技名を叫ぶ事が恥ずかしいと思うのは若さ故の過ちだ。俺はそんな年頃は通り過ぎたさ!
「デウス!ダァボォエネルギーガン!マァルチ・ヴァーストゥ!」
無駄に発音の良い声が、周囲の空気を震わせる。今の俺は最高にかっこいい筈だ。
『司令官が叫んでください』
俺じゃねーのかよ!
思わず銃を地面に叩き付けそうになってしまったが、何とか思い止まる。
(少年、デウス・ダブルエネルギーガン・マルチバーストって叫んで)
(……デウス・ダブルエネルギーガン!マルチバースト!……で合ってる?)
少年の素直さが今は俺の心の支えだ、助かるよ。
その瞬間、トリガーの重さが消えると、二丁の銃口から赤と青の光球が放たれる。それらは小さな光球に分かれると、まるで流星のように光の軌跡を描きながら15体の魔物たちを貫いた。
猪頭の魔物の目は、驚きで見開かれる。そして貫かれた自分の胸を確認すると「ブヒヒィヒ、ブヒィ!」と鳴き、魔石を残し消えてしまった。
あの鳴き声、やっぱり何か話してた思うんだけど。
他の魔物達も同様に魔石になったのを確認すると、俺はデウス・ダブルエネルギーガンを元の収納箇所に戻す。
魔物達が消え去り静寂が戻る。番人の無事を確認しようと、声を掛けたんだけど何か様子が変だ。

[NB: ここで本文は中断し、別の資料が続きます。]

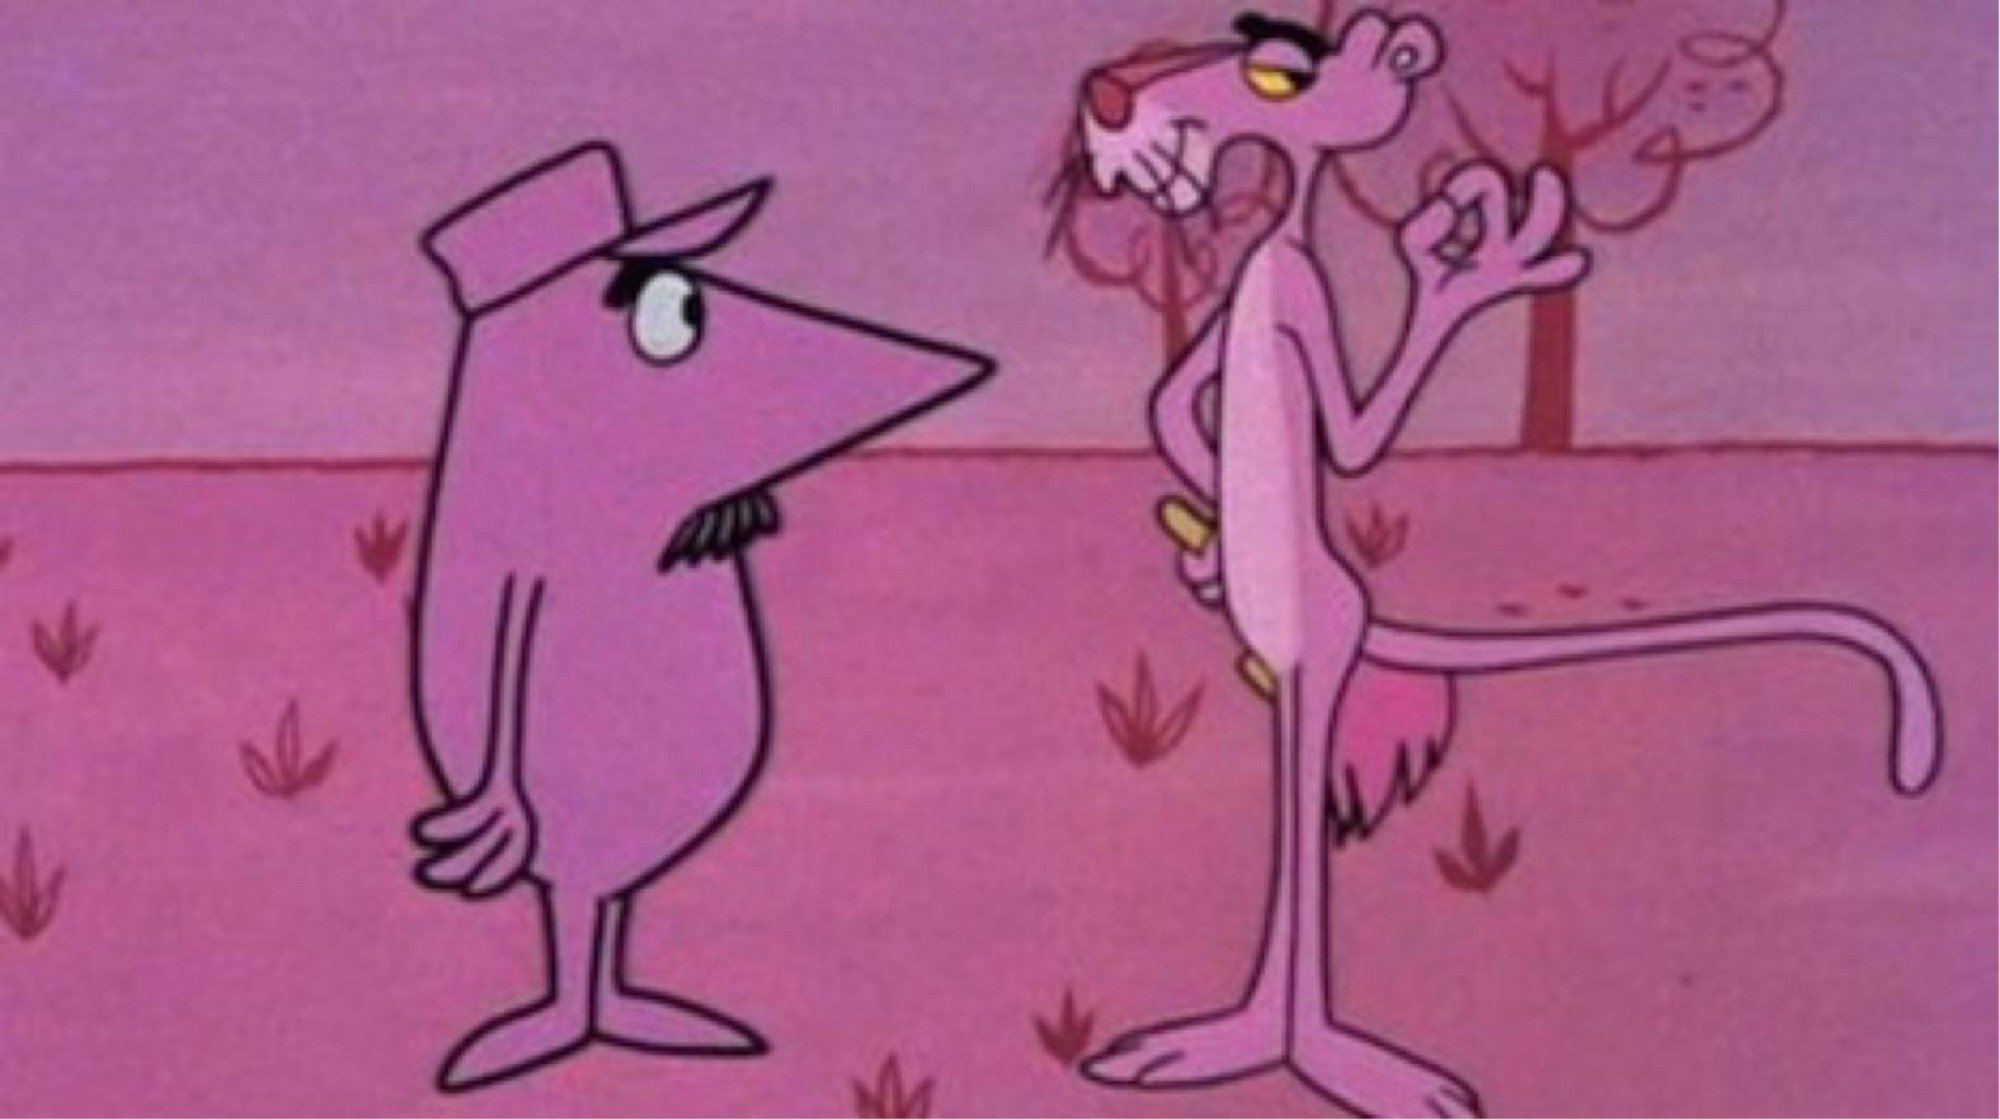 Why 'The Pink Panther' Season 1 Episode 1's History-Breaking Oscar Win Rocks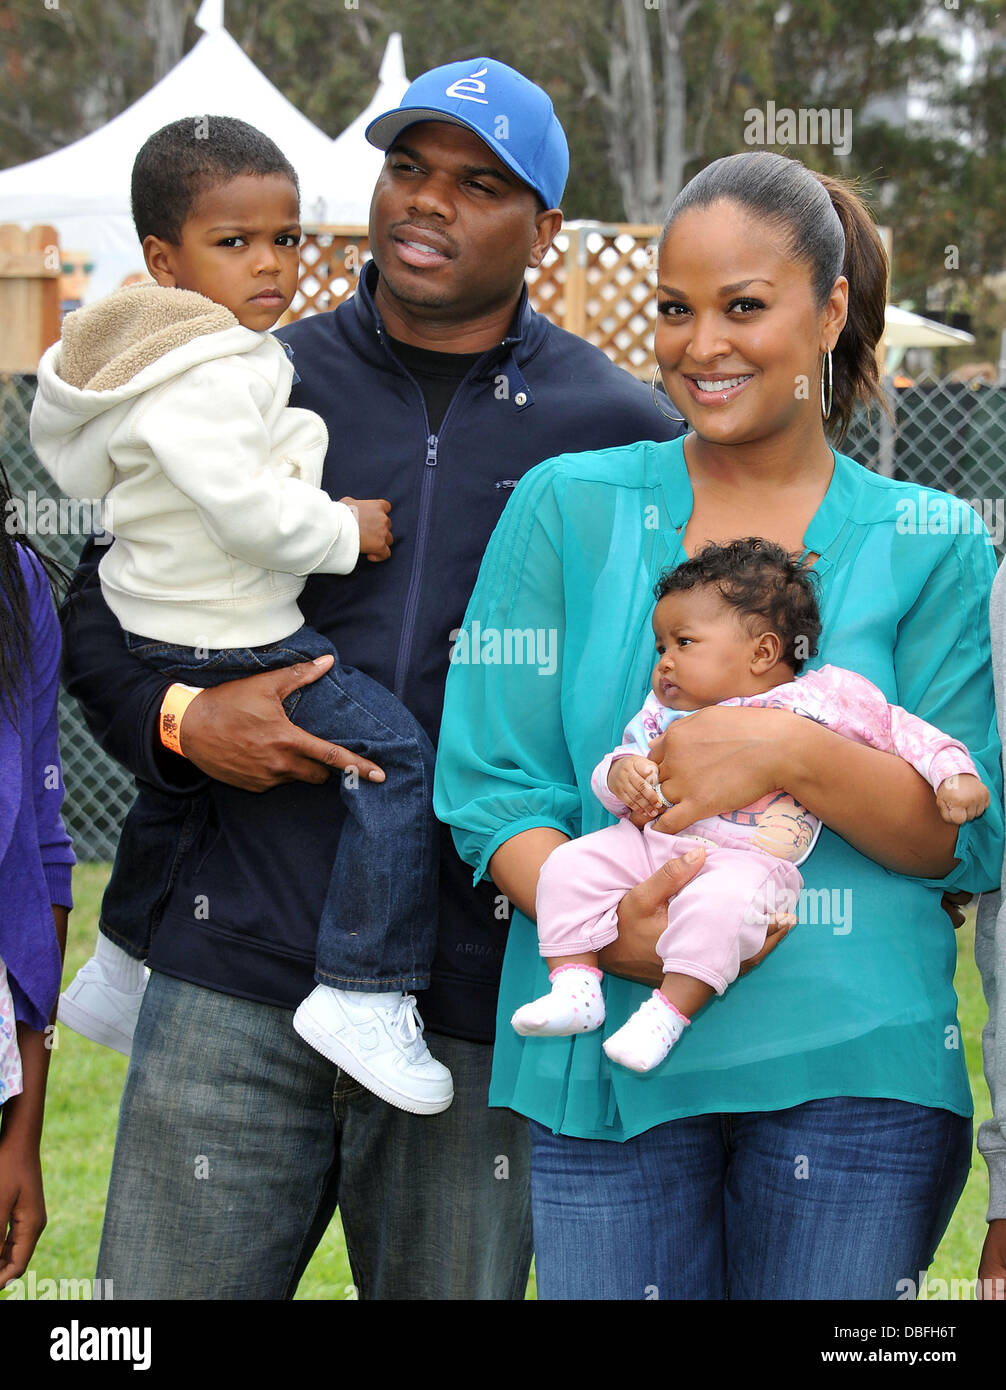 Laila Ali with her husband Curtis Conway, son Curtis and daughter Sydney 22nd Annual Time for Heroes Celebrity Picnic Sponsored By Disney to Benefit the Elizabeth Glaser Pediatric AIDS Foundation held at the Wadsworth Theater on the Veteran Administration Lawn Los Angeles, California - 12.06.11 Stock Photo

目は大きく見開かれ、今まで以上に青くなっており、今まで以上に酷く怯えてる様だった。
「なんだよ、あの魔法。お前、本当にアイアンゴーレムなのか?」
番人の声はかすれ、震えていた。さっきまでフレンドリー過ぎるくらいフレンドリーだったのに。
今は何というか、心に距離があるというか、物理的にも距離がある。
いやいや。さっきの俺、キラキラ光って凄い必殺技使って格好良かったよな? 怖がる要素ある?
俺が手を差し伸べると、番人は悲鳴を上げて走ってどっかに逃げ出してしまった。
レーダーで番人の場所は分かるし、危険はもうないだろうし……、まぁ、いいか。
(少年、問題は解決した。封印を解いても大丈夫だ)
(もういいの? 今行くね)
魔法陣の上に置いてあった魔石を取り除くと、俺はノーマルモードの鳥姿に戻り、封印が解けるのをただ眺めていた。
◇
転移魔法陣が光を取り戻すと少年と男性、それと3人の美女が現れた。
「ギンタ。会いたかったよ! 身体は大丈夫? ケガしてない?」
少年は俺を見つけると駆け寄り、抱きついてくる。可愛い。
(少年も元気みたいで安心したよ。ところで後ろの人達は?)
「この人は勇者エイリアス様。それとその仲間達だよ。ちょうど城に来てたから協力して貰ったんだ」
少年がそう言うと、後ろに控えてた男がにこにこと笑いなから近寄ってきた。
「他の魔物がいないみたいだけど、君がやったの?」
夜空を思わせる漆黒の髪と、血のように深紅の瞳。
彼の顔立ちは彫刻のように整っており、高くそびえる鼻梁と柔らかくカーブした唇が印象的だ。
肌は雪のように白いが、病的ではなく健康的な輝きを放っている。
細身だが服の上からでも筋肉質の体格が伺え、身長は近衛騎士団長よりわずかに低い。
立ち姿は威厳と自信に満ち溢れているが、穏やかな笑顔は人々を引き寄せる温かさを持っていた。
一言でいうとイケメンだ。
「何、このアイアンゴーレム。鳥?」
「わたくし鳥が苦手なんですけど」
「鉄が飛べるの?」
後ろで控えてた美女3人組が騒ぎ出す。
「君達、静かにしてくれると嬉しいな」
エイリアスがそう言うと、美女たちは一斉に「はーい」と返事をし、その声には隠し切れない好意が含まれている。頬は赤く染まり、髪を整える仕草したり、変にくねくねしたりしてる。
彼女たちの目はエイリアスに釘付けであり、彼がどんな紹介をしてくれるの期待に満ちた空気が流れた。
「ああ、紹介するよ。僕のパーティーメンバーだ」
「えー、彼女じゃないの?」
「嫁でいいわよ」
「好き」
こいつらもう勇者大好きじゃん。勇者のハーレムパーティーじゃん。
「ごめん。何度も言うけど、君達をそういう目で見れないから」
(少年、勇者様から離れなさい)
「なんで?」
こんな美女に魅力を感じないなんて、ある意味で危険な奴かもしれない。
「はは、安心して。僕は女性が好きだよ。この3人が例外なだけさ」
(なるほど。この3人は確かに美人だけど、大切なパーティーメンバーな訳で、手は出さないってとこか)
『解析終了。この3人は男性です』
マジか。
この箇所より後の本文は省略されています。